I also learnt a thing or two over the period that I was on my self imposed exile from the office that not reading a newspaper will not kill you nor will ignoring the evening news on Citizen or KTN that has the usual sickening politics that is the staple food of many Kenyans 24-7-365.

Blessing No. 3: Over the 3 weeks that I was away, the access roads in the vicinity of my office have been patched up and traffic flow is much improved.

Blessings Nos. 4 & 5: It is also expected that bank interest rates for which we bankers have been vilified for too long will start coming down (some of the players have already announced this and others are expected to follow suit). The price of fuel went down greatly during the last review effective Sunday 15th July and the price of everything else, common sense and a public spirit prevailing, should also come down over time.

Blessing No. 6: We also got to host some German ladies who were in the country courtesy of my wife and her fellow members of the Soroptomist International, Milimani Club and the insights that they brought and the lively discussions we had about the differences between our respective countries and cultures was eye opening. They have promised to host us next year in Berlin should we choose to go there in July 2013 when they hold their international conference in that city and then accomodate us in their homes in Witten a city of 100,000 located in Central Germany.

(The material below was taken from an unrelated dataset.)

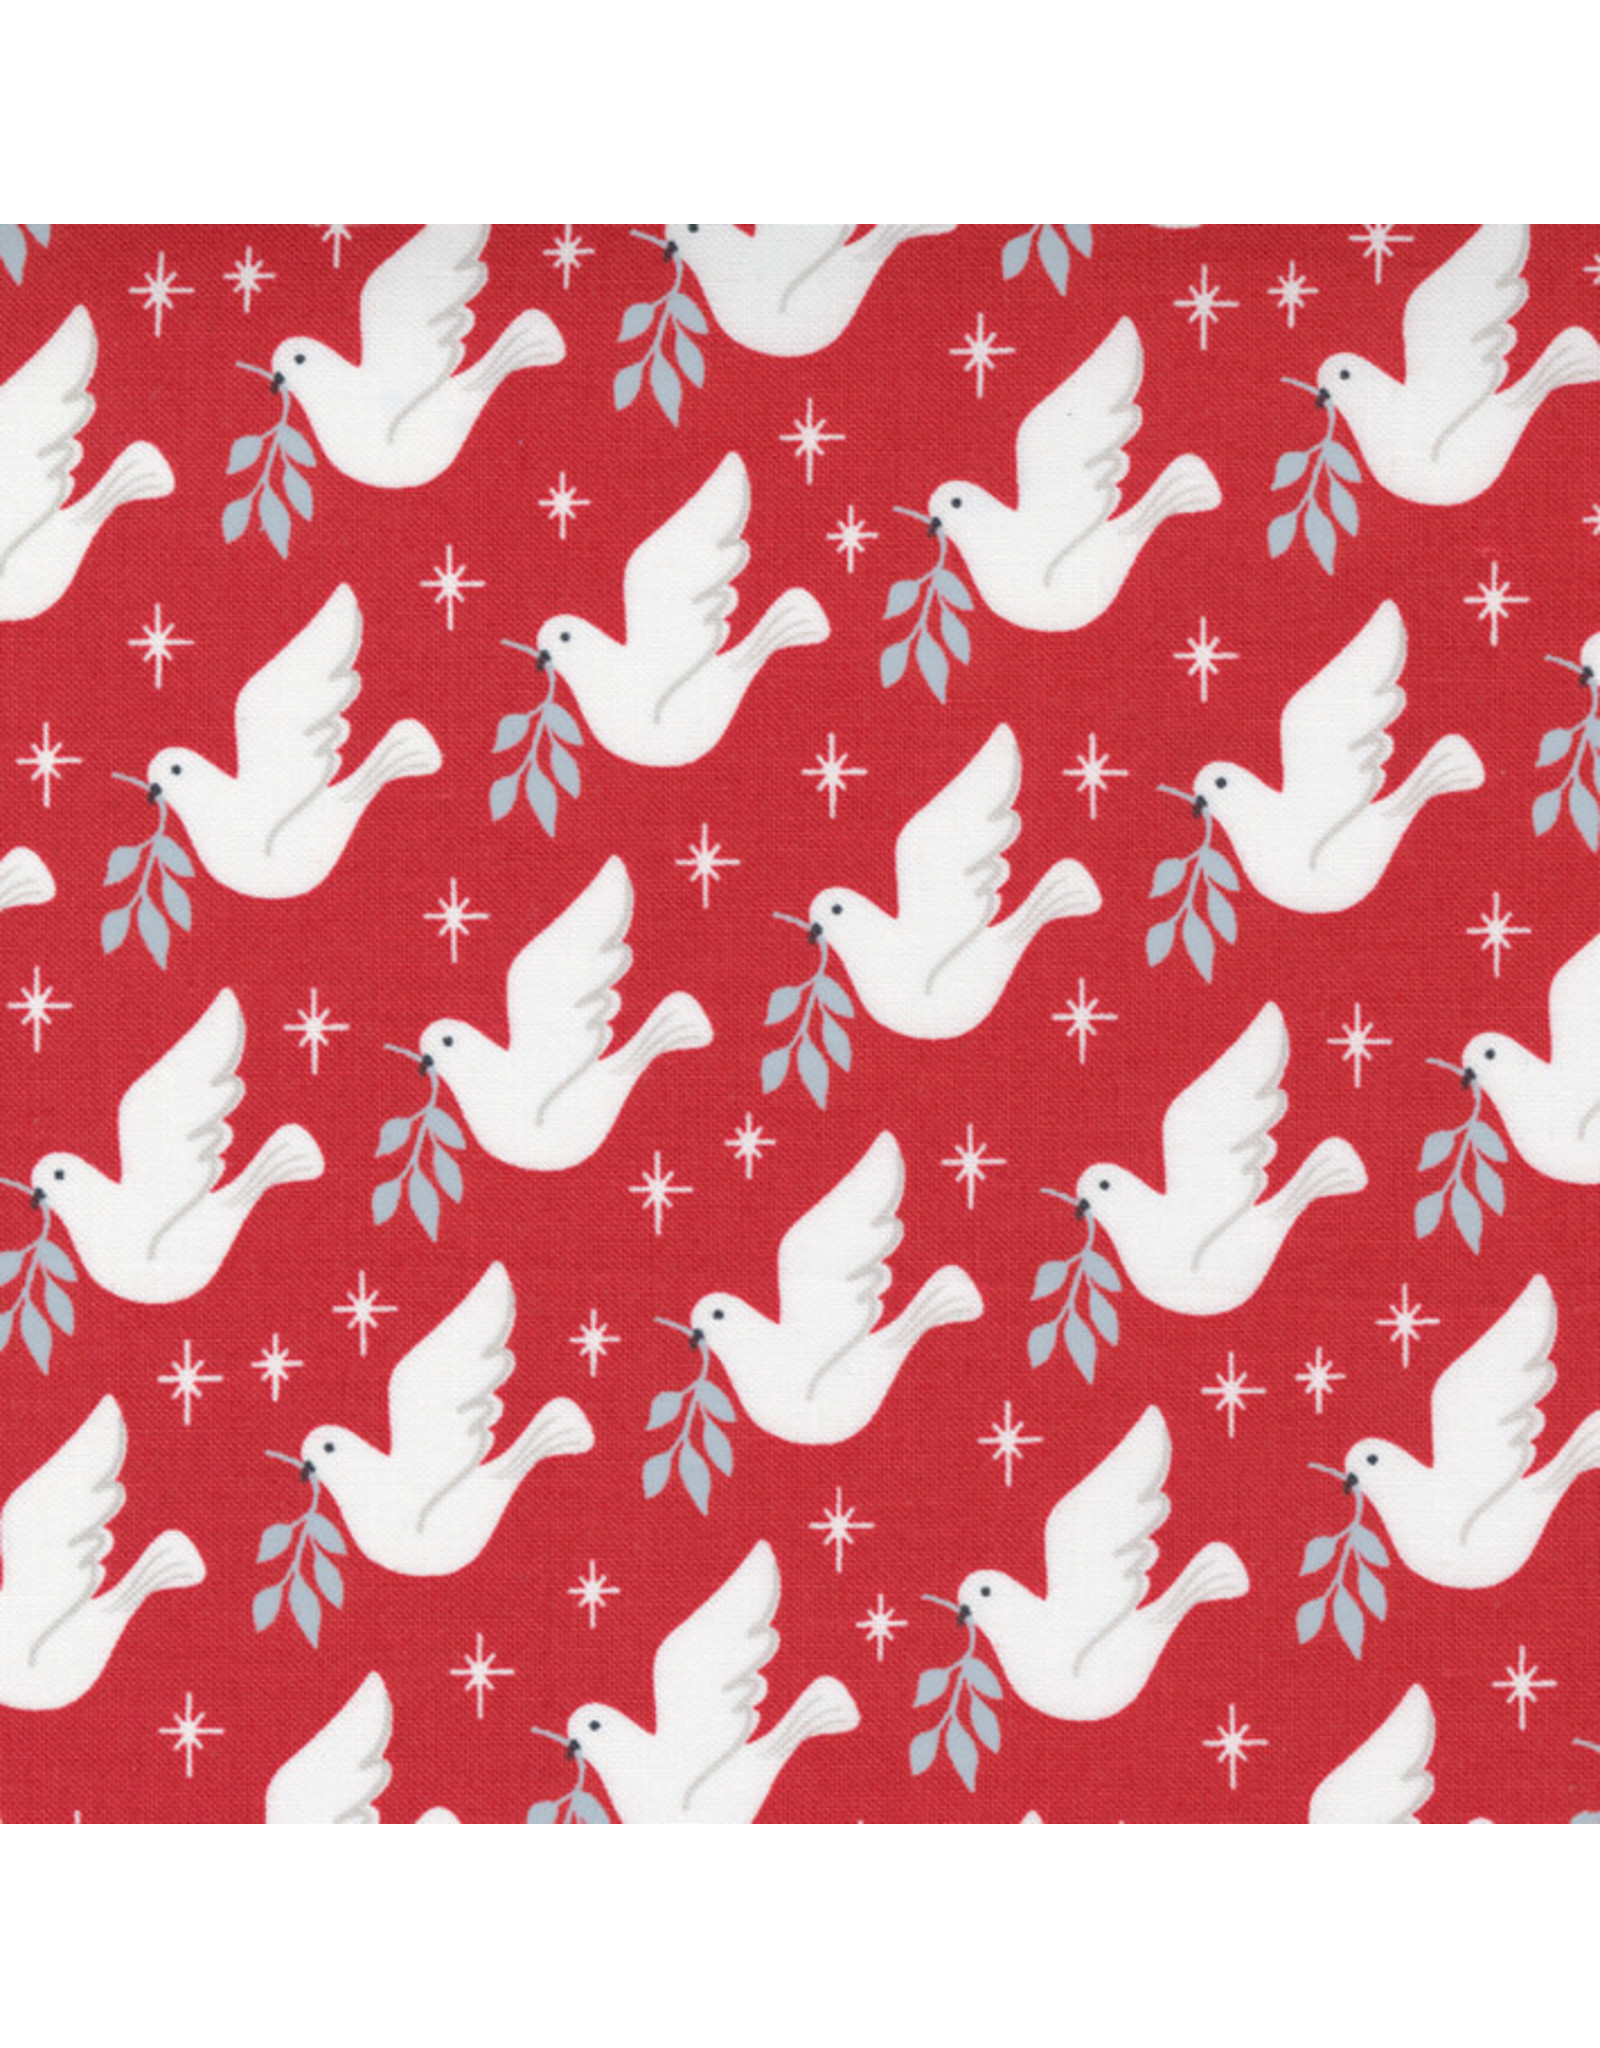 Moda Christmas Morning, Lovey Dovey in Cranberry, Fabric Half-Yards

Blessing No. 7: My daughter was involved in an accident over the weekend where the matatu that she was travelling in started to over heat leading to the driver of the vehicle jumping out as it was still moving. In the ensuing confusion and panic, she was pushed out of the matatu by an impatient fellow passenger where she fell on the tarmac and lost conciousness.

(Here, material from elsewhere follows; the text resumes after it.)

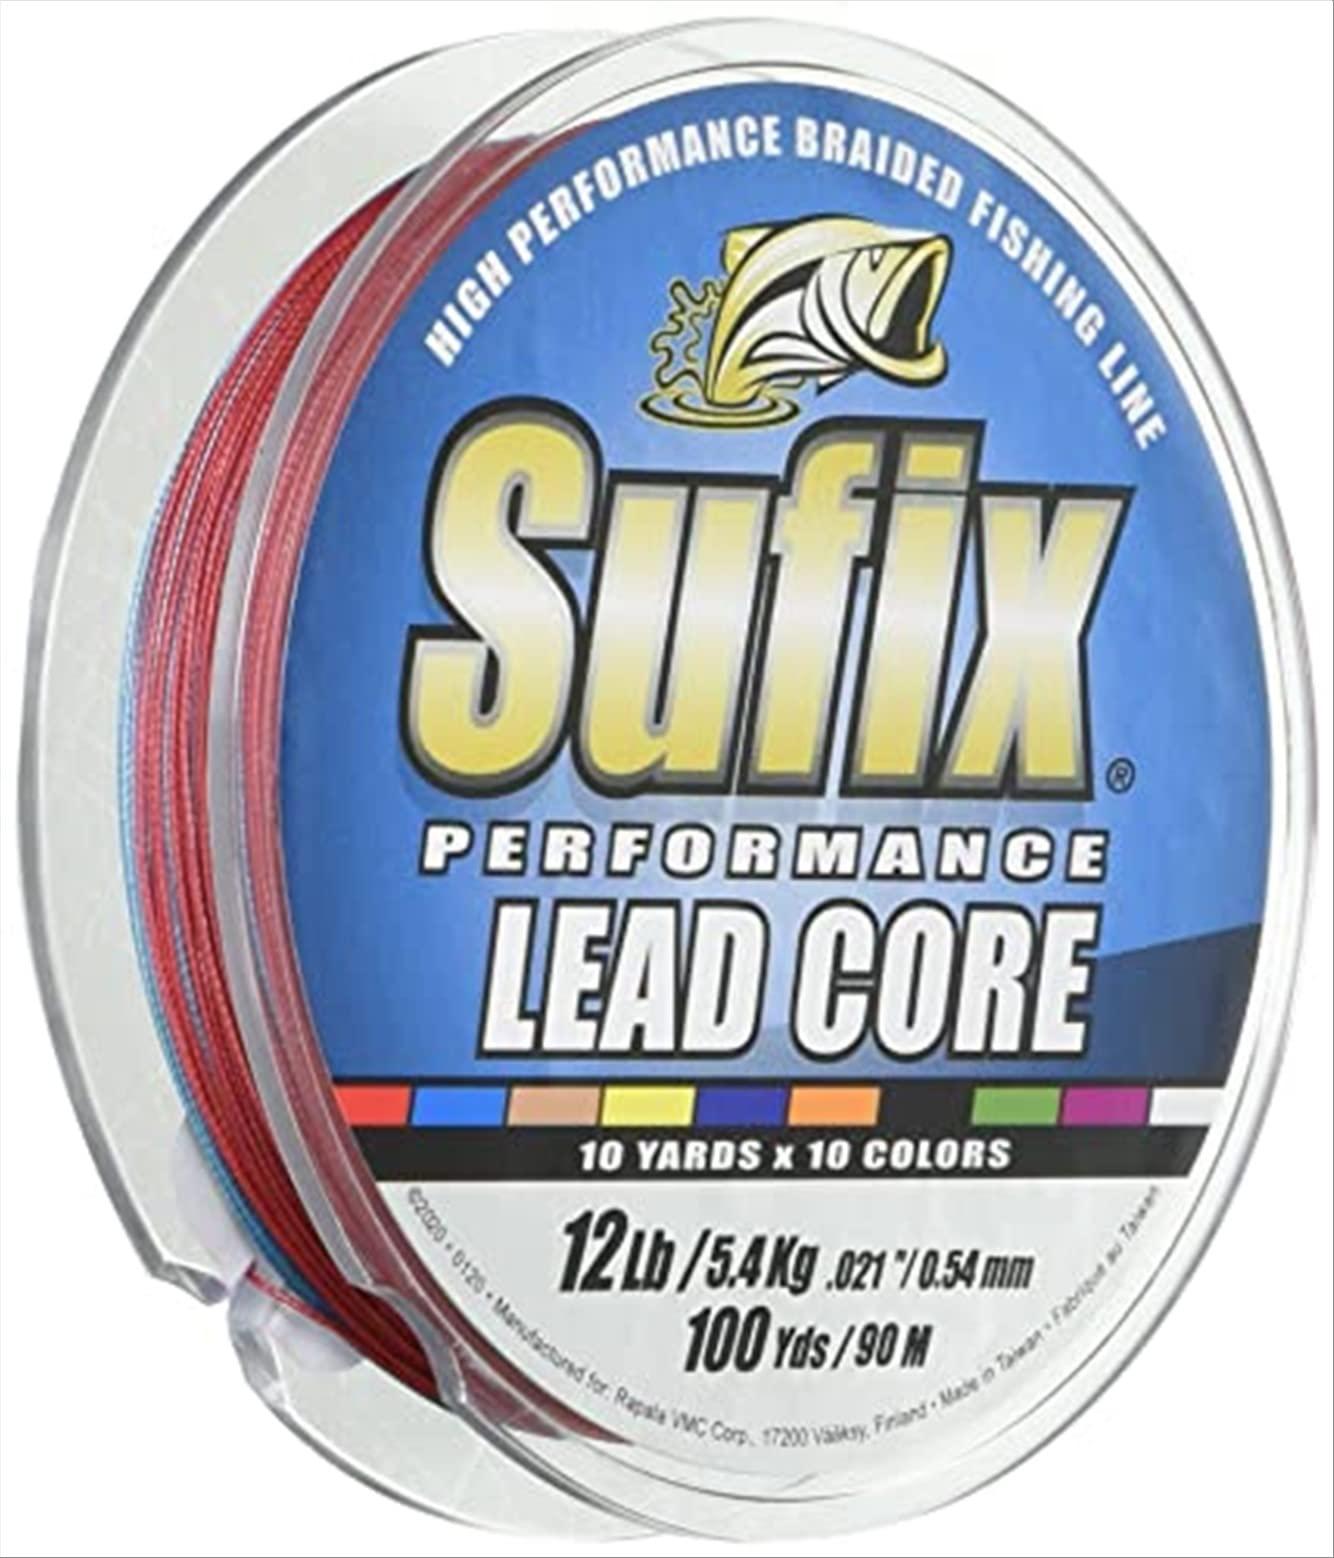 Sufix Performance Lead Core 100 Yards Metered Fishing Line One Size

Blessing No 8: Thankfully, a passing commercial ambulance stopped to assist the injured passengers (my daughter and a friend) administered First Aid to them and rushed them to Aga Khan Hospital where they were treated and discharged but not before giving my wife and my other daughter a fright of their lives as one of the friends accompanying my daughter panicked when she went into unconciousness and reported that she had died when she called them to inform them of the accident!!

Final Blessing: Being able to have the gift of family and friends who were there for us and my daughter after the aforementioned accident (let's call it an incident). Though she is still in pain and on drugs and with bandages where she was hurt  and has been given one week off by the doctors, she will recover fully healed and return to college as soon as possible.

Remember to stop and count your blessings as you go about your lives because they are many.